Records from a dataset
☆ ☆ ☆ ☆

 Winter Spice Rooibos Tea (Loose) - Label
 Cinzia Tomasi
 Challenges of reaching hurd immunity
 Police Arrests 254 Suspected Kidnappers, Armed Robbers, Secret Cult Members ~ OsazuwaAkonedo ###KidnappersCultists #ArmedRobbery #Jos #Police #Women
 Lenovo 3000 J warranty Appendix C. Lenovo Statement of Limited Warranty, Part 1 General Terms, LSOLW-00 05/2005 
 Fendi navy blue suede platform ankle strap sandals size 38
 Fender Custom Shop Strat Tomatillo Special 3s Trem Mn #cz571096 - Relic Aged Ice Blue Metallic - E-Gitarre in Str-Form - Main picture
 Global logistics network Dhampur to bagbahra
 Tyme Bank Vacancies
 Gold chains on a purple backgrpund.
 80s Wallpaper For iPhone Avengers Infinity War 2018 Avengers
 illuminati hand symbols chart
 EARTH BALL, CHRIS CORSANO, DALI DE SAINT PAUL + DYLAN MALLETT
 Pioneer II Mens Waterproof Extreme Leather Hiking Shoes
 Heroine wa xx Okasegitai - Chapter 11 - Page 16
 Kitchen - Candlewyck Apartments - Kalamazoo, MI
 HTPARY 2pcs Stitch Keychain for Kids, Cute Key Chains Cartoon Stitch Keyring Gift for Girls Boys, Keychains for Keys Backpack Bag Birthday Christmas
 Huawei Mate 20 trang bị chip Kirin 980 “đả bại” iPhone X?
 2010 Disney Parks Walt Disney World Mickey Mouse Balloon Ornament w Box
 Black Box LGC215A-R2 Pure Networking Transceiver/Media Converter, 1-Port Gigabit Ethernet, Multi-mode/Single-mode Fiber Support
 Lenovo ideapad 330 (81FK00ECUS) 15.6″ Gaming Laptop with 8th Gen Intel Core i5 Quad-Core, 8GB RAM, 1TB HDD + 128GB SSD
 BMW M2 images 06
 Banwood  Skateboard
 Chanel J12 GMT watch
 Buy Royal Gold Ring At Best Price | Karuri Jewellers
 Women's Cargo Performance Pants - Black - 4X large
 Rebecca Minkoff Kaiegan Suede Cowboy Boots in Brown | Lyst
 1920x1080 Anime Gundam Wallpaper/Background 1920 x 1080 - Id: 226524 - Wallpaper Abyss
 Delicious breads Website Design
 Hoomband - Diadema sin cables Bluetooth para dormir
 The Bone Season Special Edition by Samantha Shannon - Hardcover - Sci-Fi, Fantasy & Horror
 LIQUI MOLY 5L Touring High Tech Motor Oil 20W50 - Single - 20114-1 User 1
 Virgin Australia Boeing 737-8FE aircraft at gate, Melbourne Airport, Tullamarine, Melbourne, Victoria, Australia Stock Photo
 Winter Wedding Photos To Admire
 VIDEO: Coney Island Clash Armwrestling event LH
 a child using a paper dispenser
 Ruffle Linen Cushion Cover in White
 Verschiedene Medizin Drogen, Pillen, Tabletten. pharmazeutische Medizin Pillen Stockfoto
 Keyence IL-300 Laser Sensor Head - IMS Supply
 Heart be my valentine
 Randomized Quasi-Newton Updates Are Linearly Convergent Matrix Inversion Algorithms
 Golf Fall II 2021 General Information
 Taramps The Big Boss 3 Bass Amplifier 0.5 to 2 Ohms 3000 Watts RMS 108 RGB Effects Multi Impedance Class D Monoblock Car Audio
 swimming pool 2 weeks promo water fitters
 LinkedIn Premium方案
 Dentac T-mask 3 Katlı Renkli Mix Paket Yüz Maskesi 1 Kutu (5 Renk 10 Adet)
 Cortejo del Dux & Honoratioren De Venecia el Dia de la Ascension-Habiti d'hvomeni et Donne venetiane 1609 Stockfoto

☆ ☆ ☆ ☆

Retype, exactly and in full, the lines above from the one containing "Delicious breads Website Design" through the one containing "Heart be my valentine".

**ANSWER AREA**
 Delicious breads Website Design
 Hoomband - Diadema sin cables Bluetooth para dormir
 The Bone Season Special Edition by Samantha Shannon - Hardcover - Sci-Fi, Fantasy & Horror
 LIQUI MOLY 5L Touring High Tech Motor Oil 20W50 - Single - 20114-1 User 1
 Virgin Australia Boeing 737-8FE aircraft at gate, Melbourne Airport, Tullamarine, Melbourne, Victoria, Australia Stock Photo
 Winter Wedding Photos To Admire
 VIDEO: Coney Island Clash Armwrestling event LH
 a child using a paper dispenser
 Ruffle Linen Cushion Cover in White
 Verschiedene Medizin Drogen, Pillen, Tabletten. pharmazeutische Medizin Pillen Stockfoto
 Keyence IL-300 Laser Sensor Head - IMS Supply
 Heart be my valentine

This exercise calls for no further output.